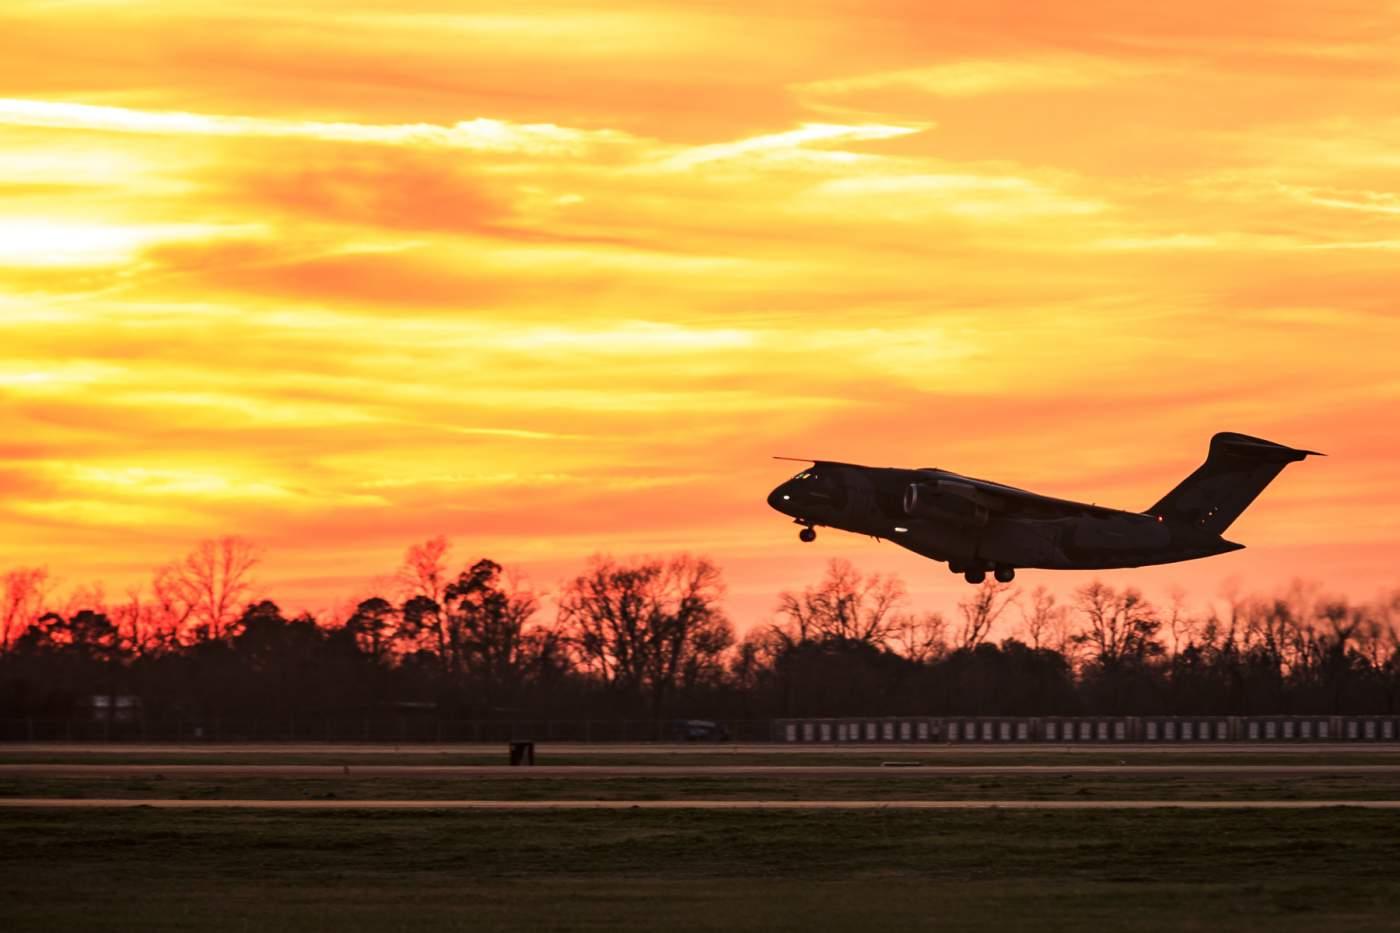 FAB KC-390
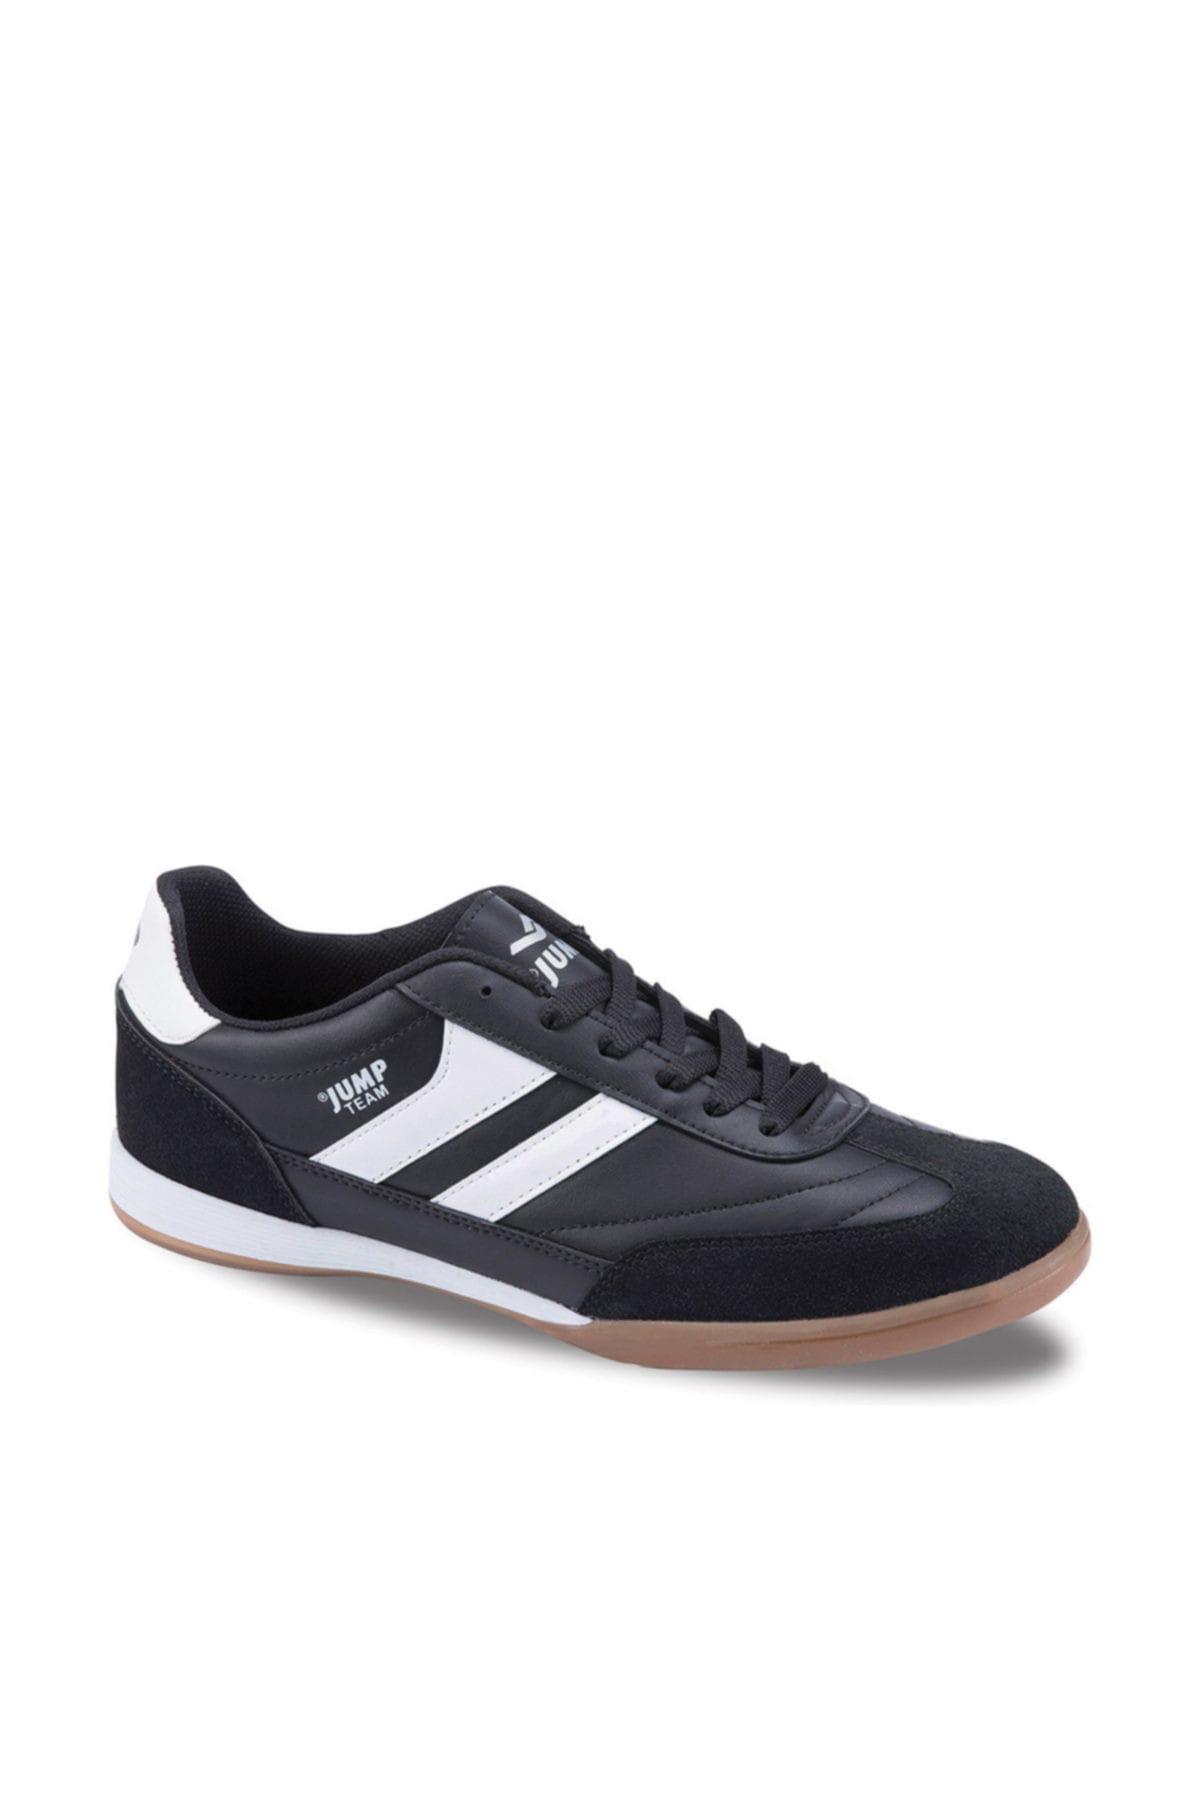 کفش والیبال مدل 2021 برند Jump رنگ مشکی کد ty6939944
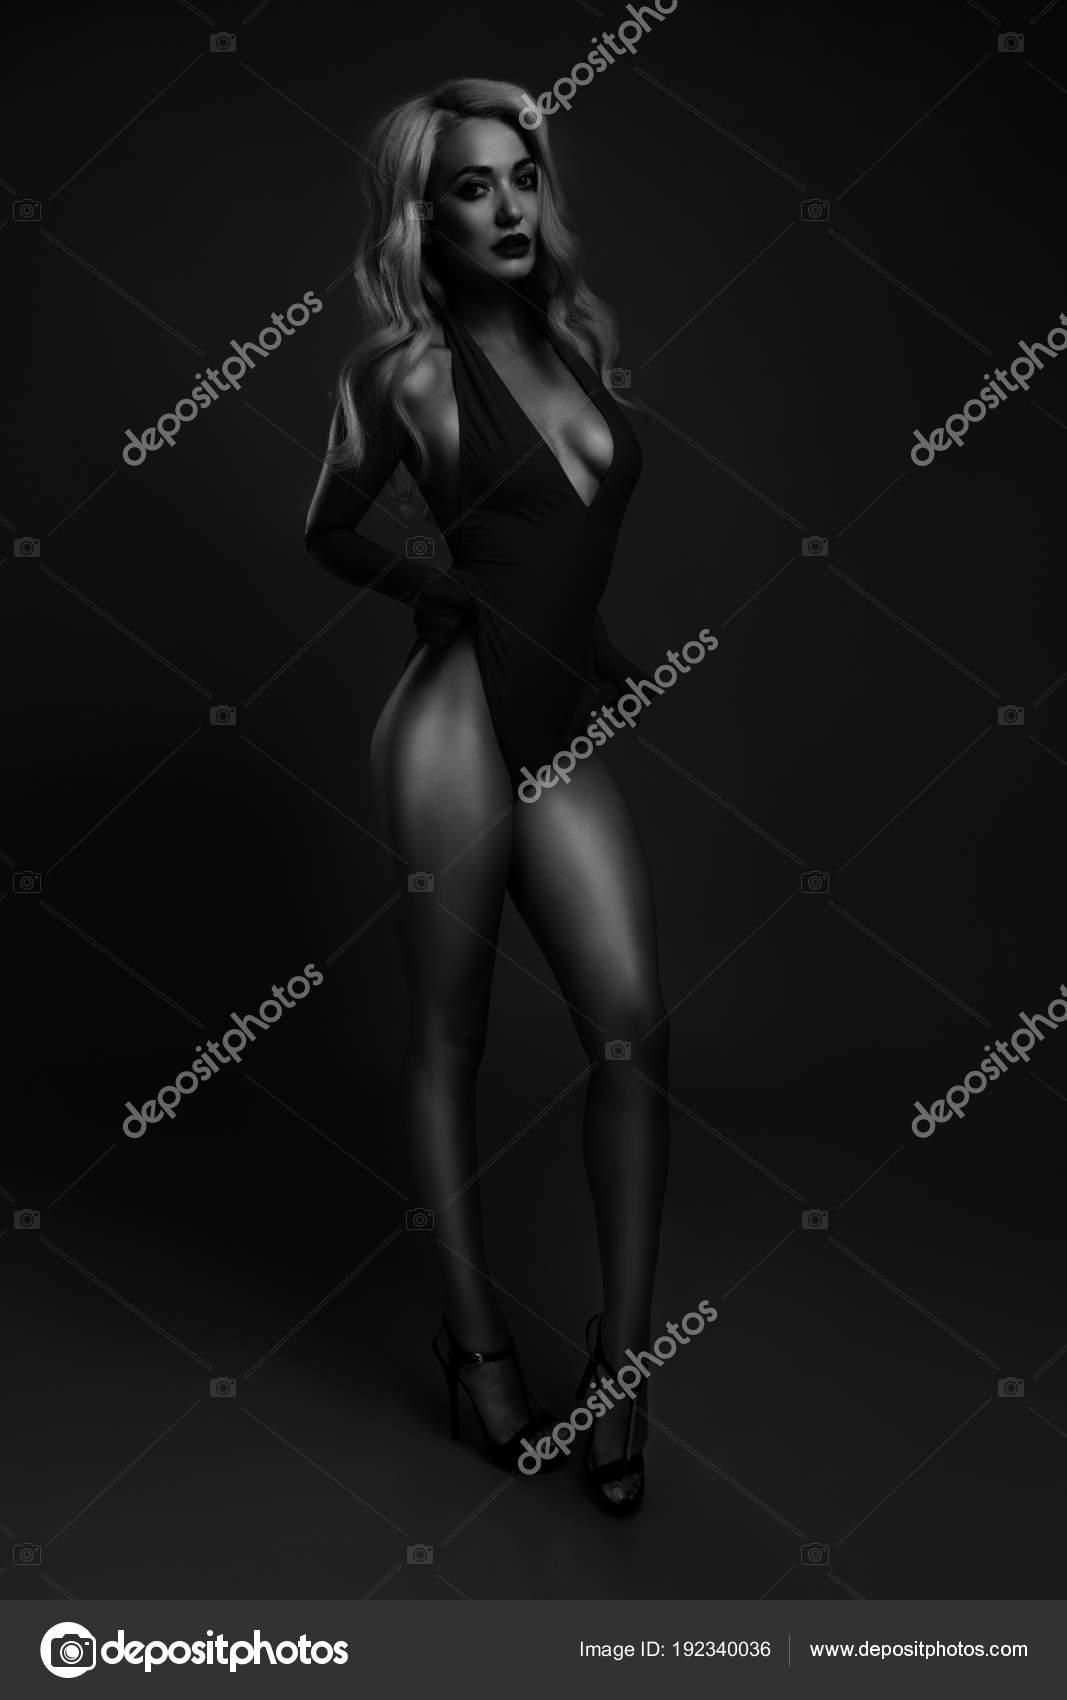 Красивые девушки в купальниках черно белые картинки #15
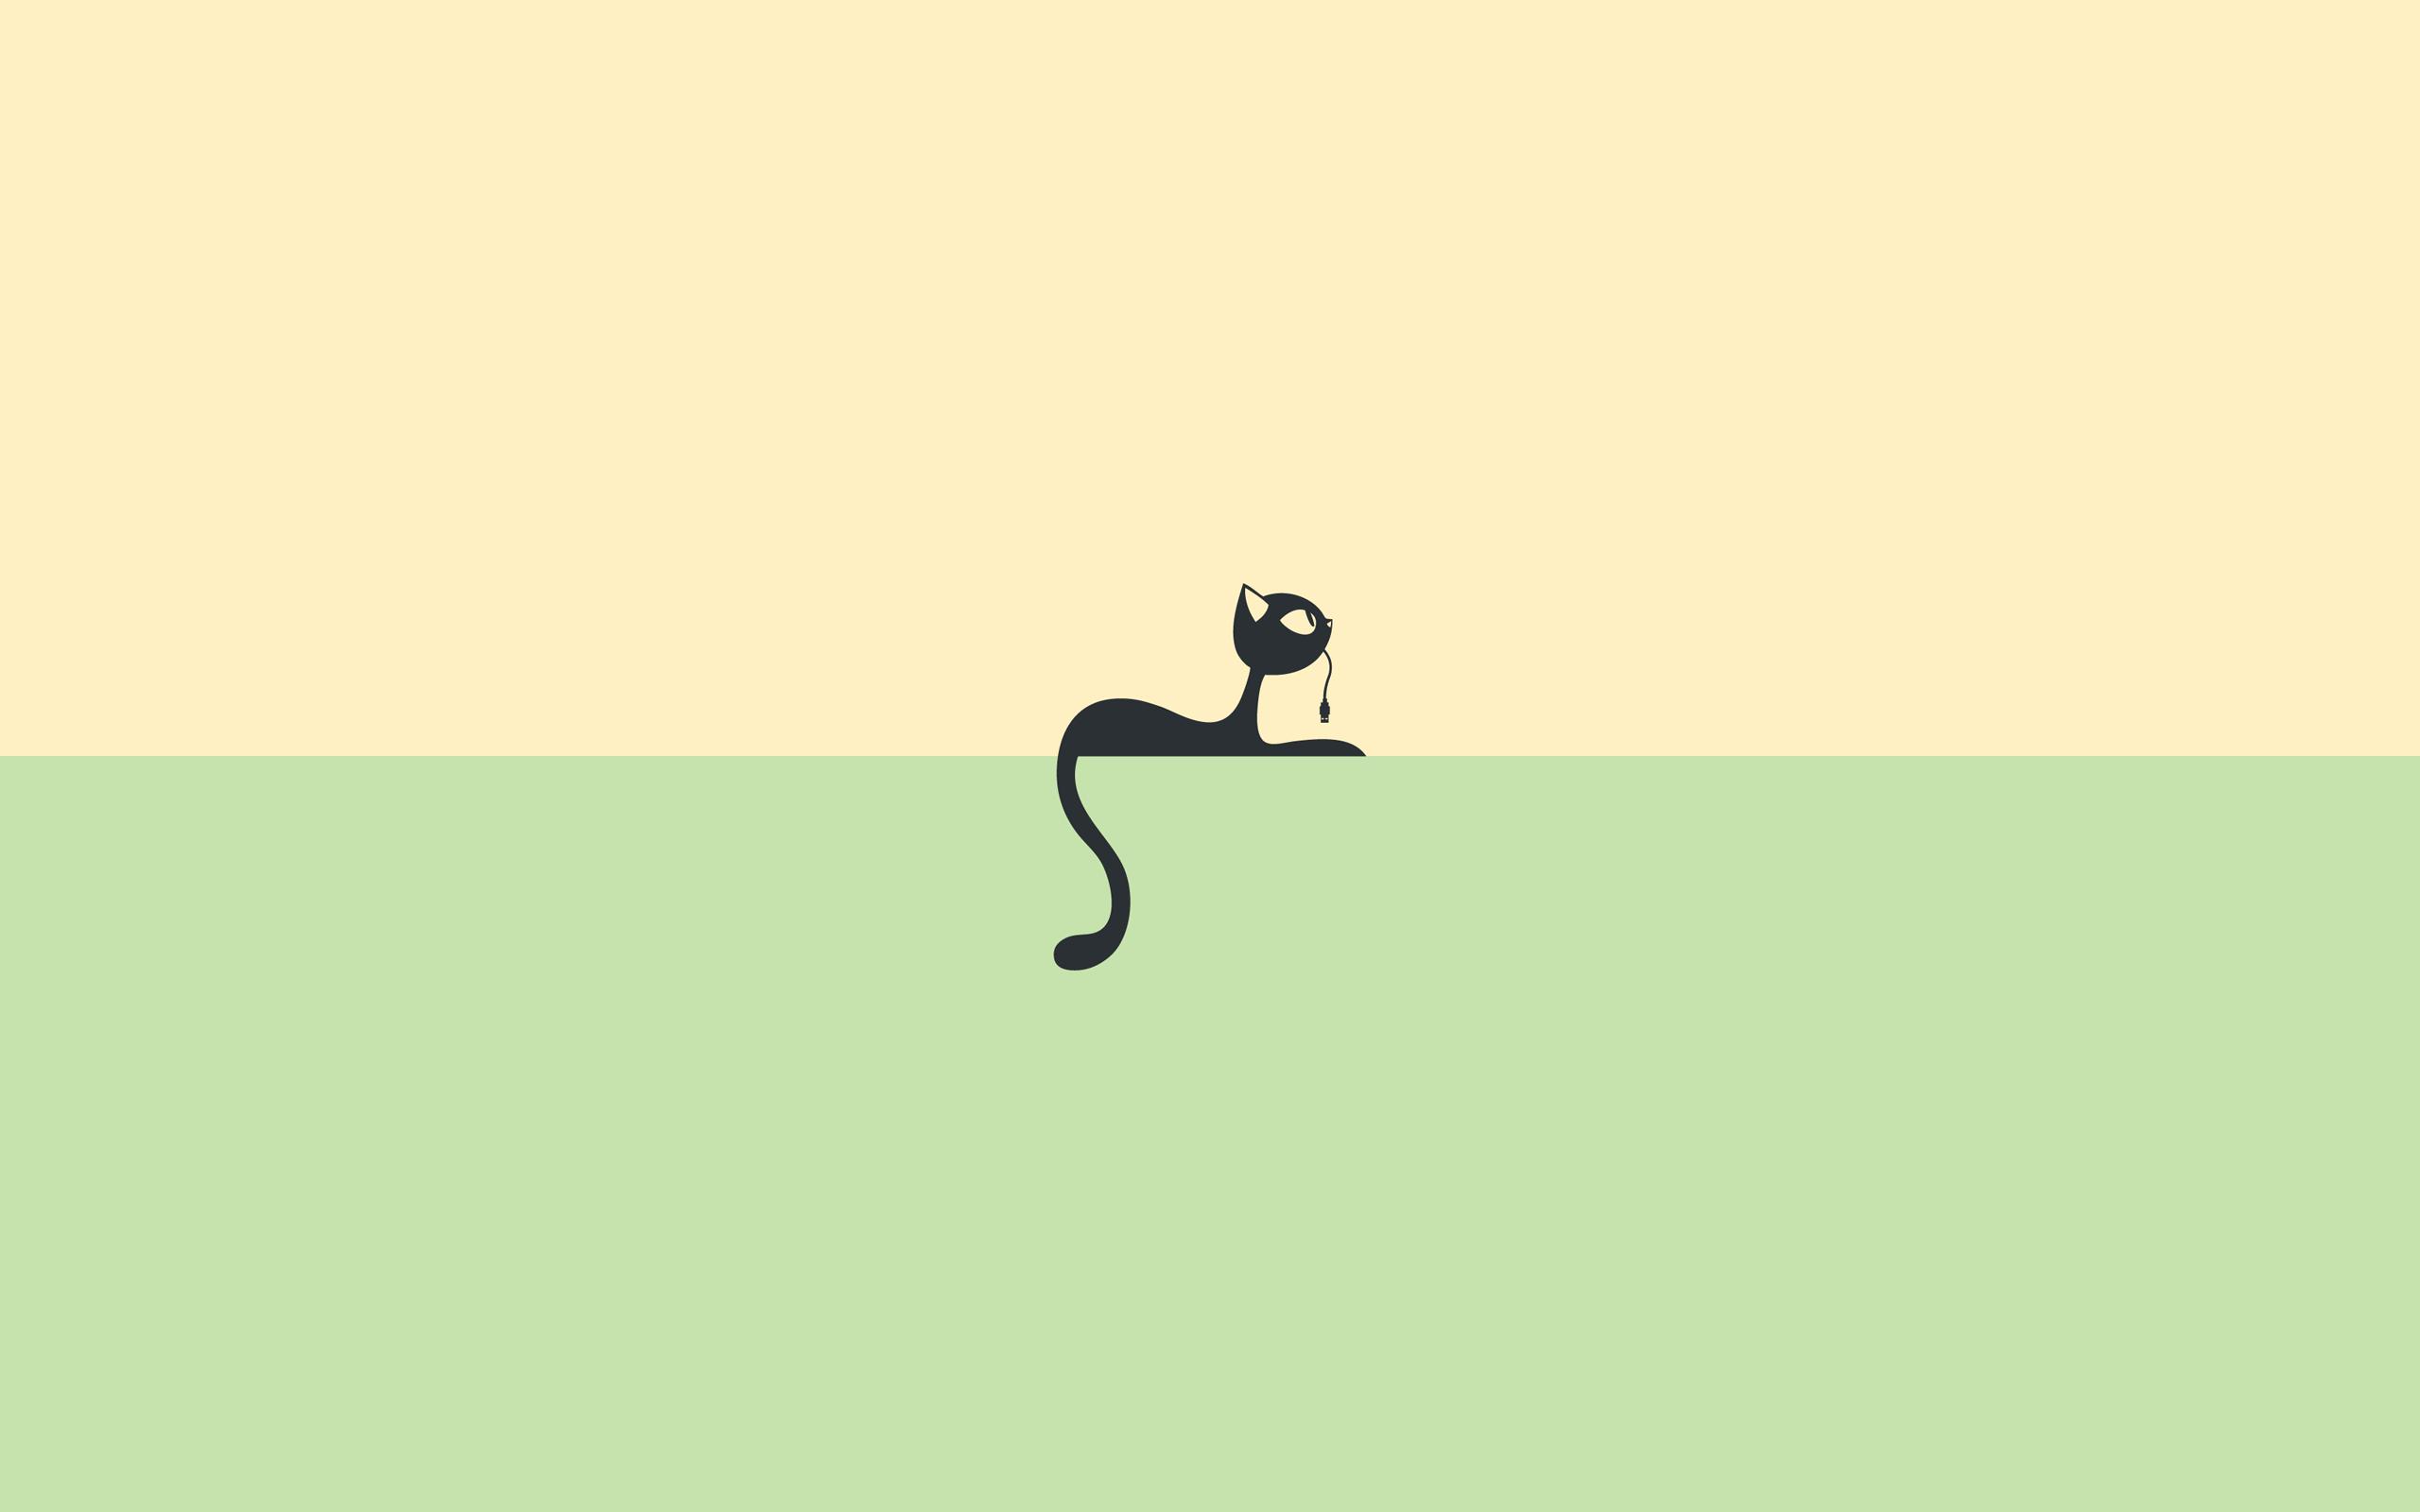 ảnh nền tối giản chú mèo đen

• _Exercise_
Since only the text is needed, retype the data above exactly and omit the pictures.

• _Answer for this exercise_
 FAB KC-390
 کفش والیبال مدل 2021 برند Jump رنگ مشکی کد ty6939944
 Красивые девушки в купальниках черно белые картинки #15
 ảnh nền tối giản chú mèo đen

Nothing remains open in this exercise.